To insure or not to insure?
And while Cather hasn’t yet received reports of damage from Wednesday’s earthquake, she has received calls from those who have experienced damage from previous earthquakes.
“One person from Sedgwick County discovered her foundation was cracked, and it will cost her $13,000 to have it fixed,” Cather said. “The insurance company won’t cover the damage.”
According to Neil Cordre, an agent with Farm Bureau Insurance in Great Bend, earthquake coverage is available as additional coverage. However, the company has issued a temporary moratorium on issuing riders on existing policies. New policies, however, are considered an acceptable risk, he said.
This, he said, is to ensure policy owners don’t purchase a policy they don’t plan to hold onto long term.
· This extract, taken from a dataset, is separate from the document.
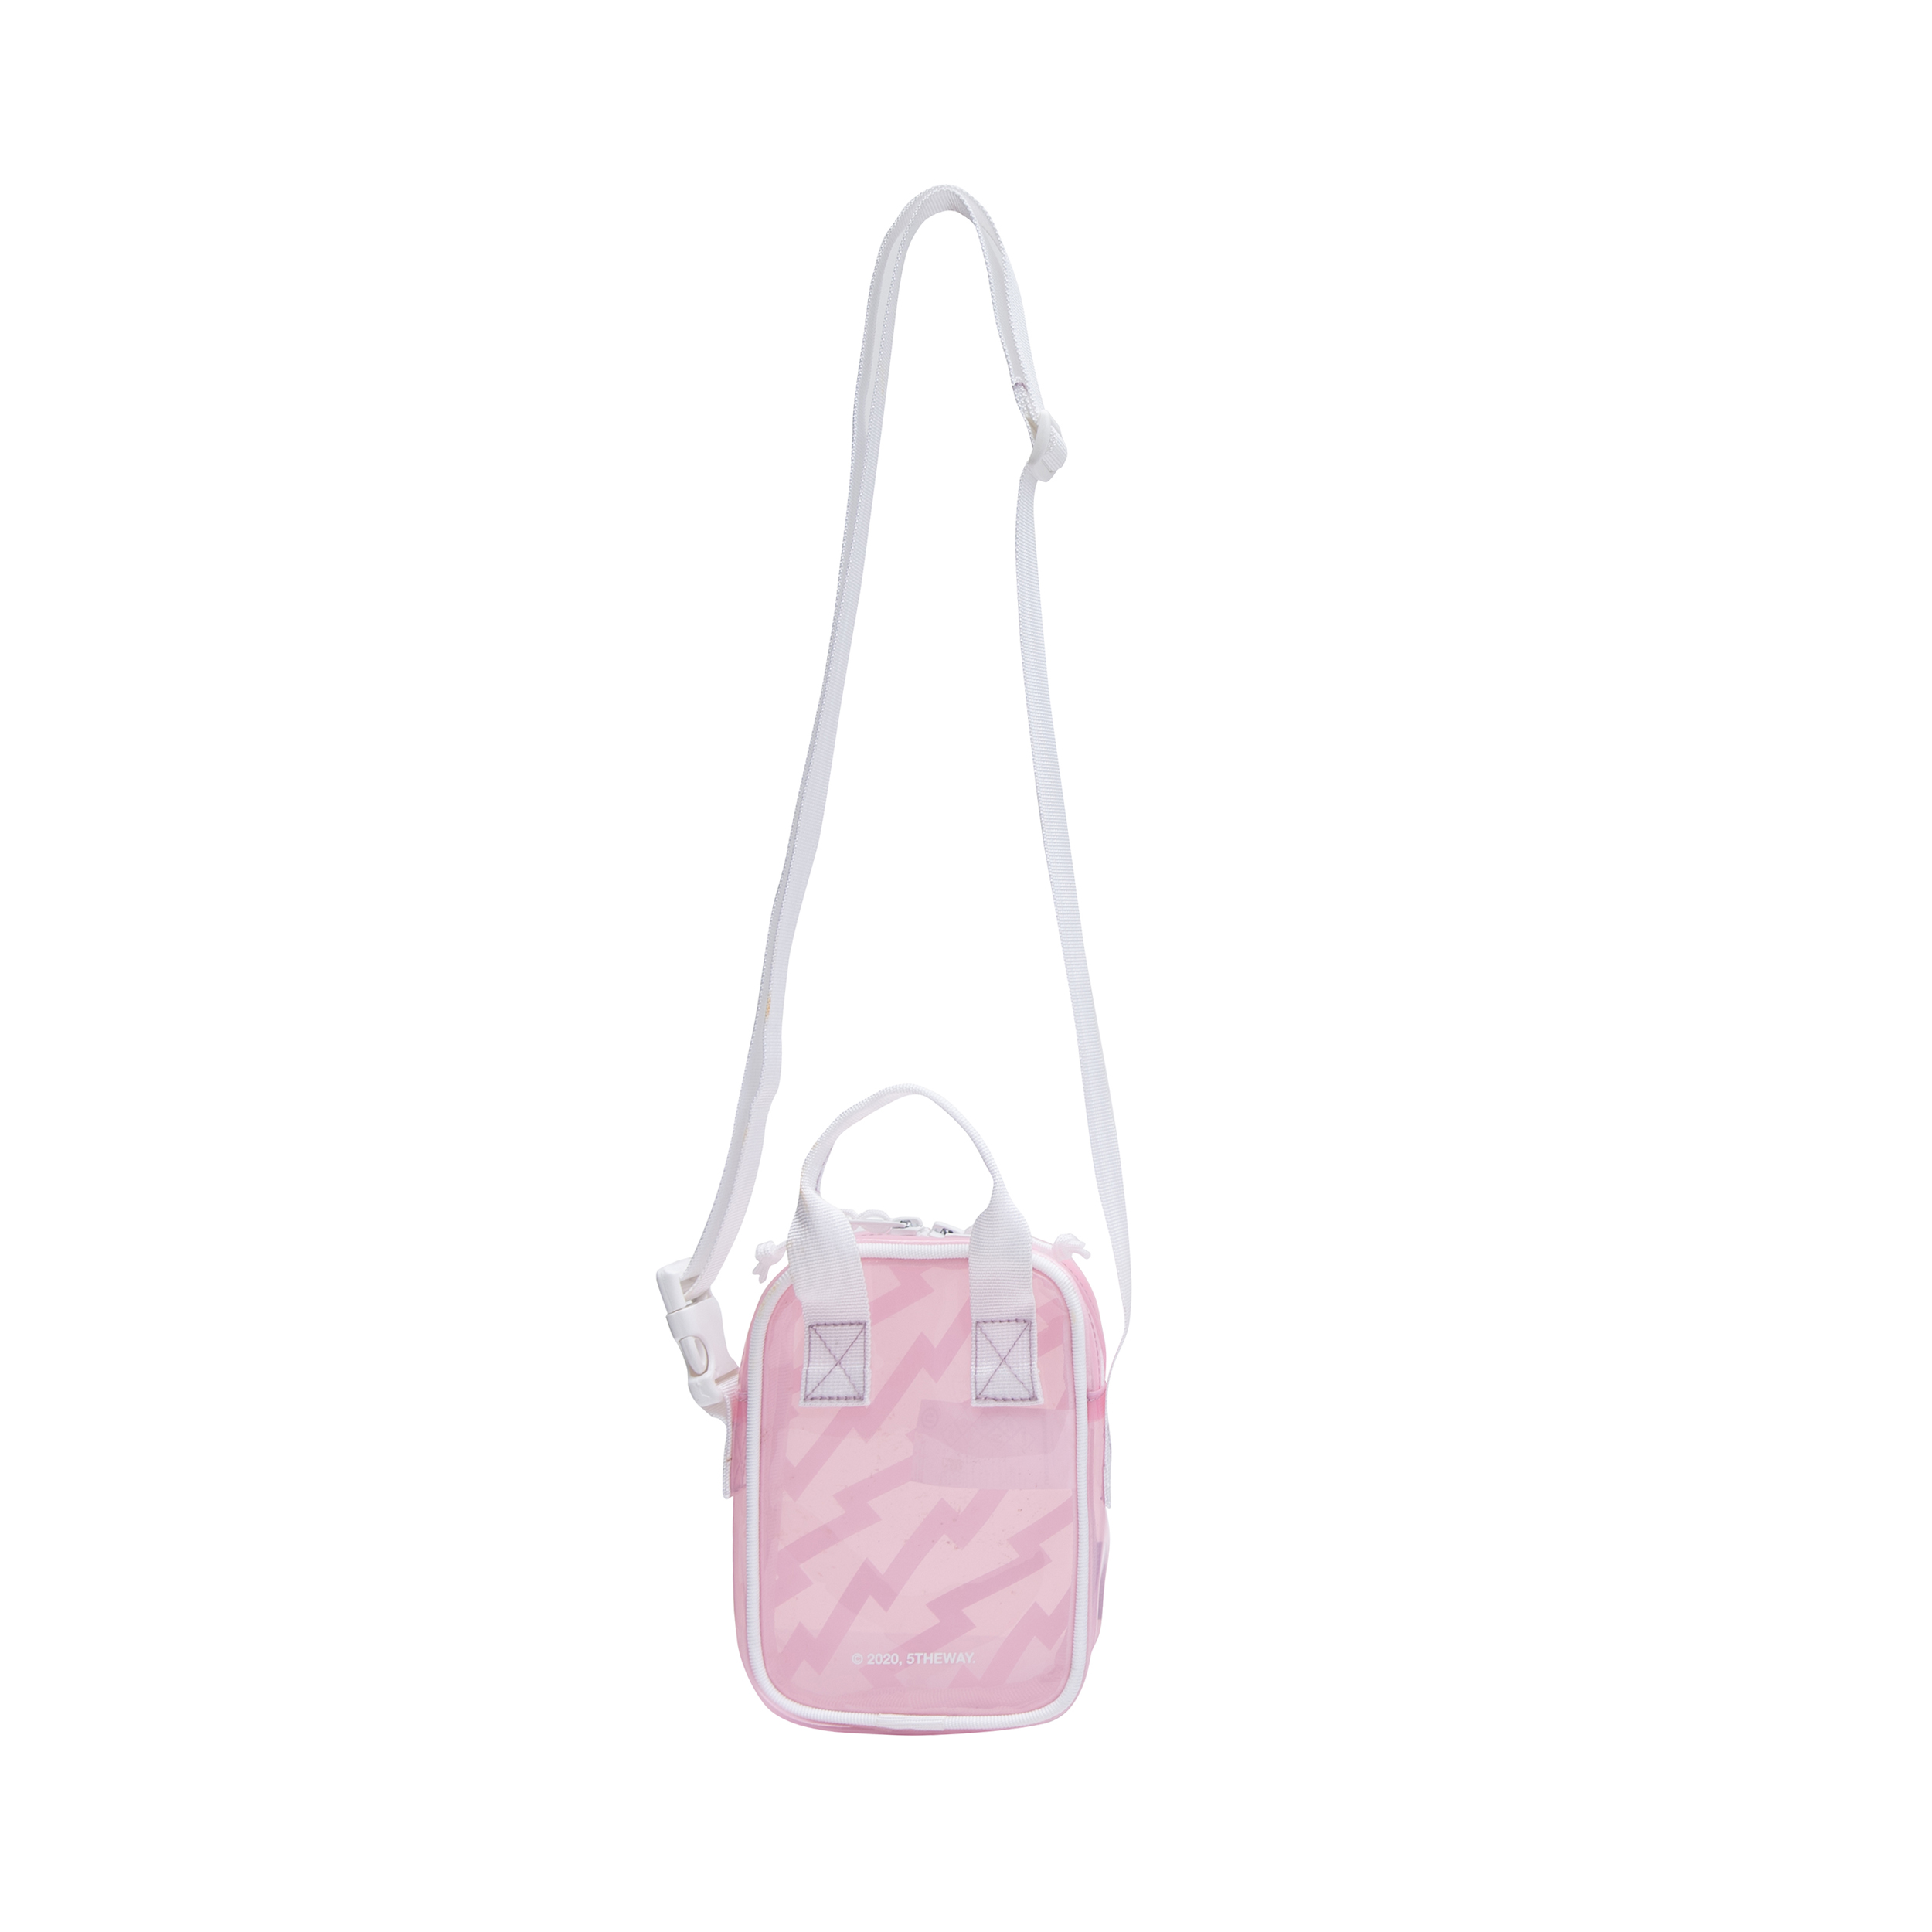 Túi Đeo Chéo 5THEWAY Nhựa Trong Suốt Hồng aka 5THEWAY /plastic/ VERTICAL SHOULDER BAG in PINK

The policies aren’t sold very often, he said, but he has received a few calls in the past day inquiring about their availability. Different insurance companies will have different risk tolerances, so it’s important to ask plenty of questions, he said.
Insurance adjusters, the gatekeepers between policyholders and their insurance companies, are trained to determine if damage is caused by seismic activity, or simply settling over time, Cordre said. But determining if the seismic activity is naturally occurring or caused by activity from oil and gas companies requires scientific and technical expertise.
Great Bend is not located close to major fault lines close to this area, and high-volume horizontal fracking is not an issue in the immediate vicinity.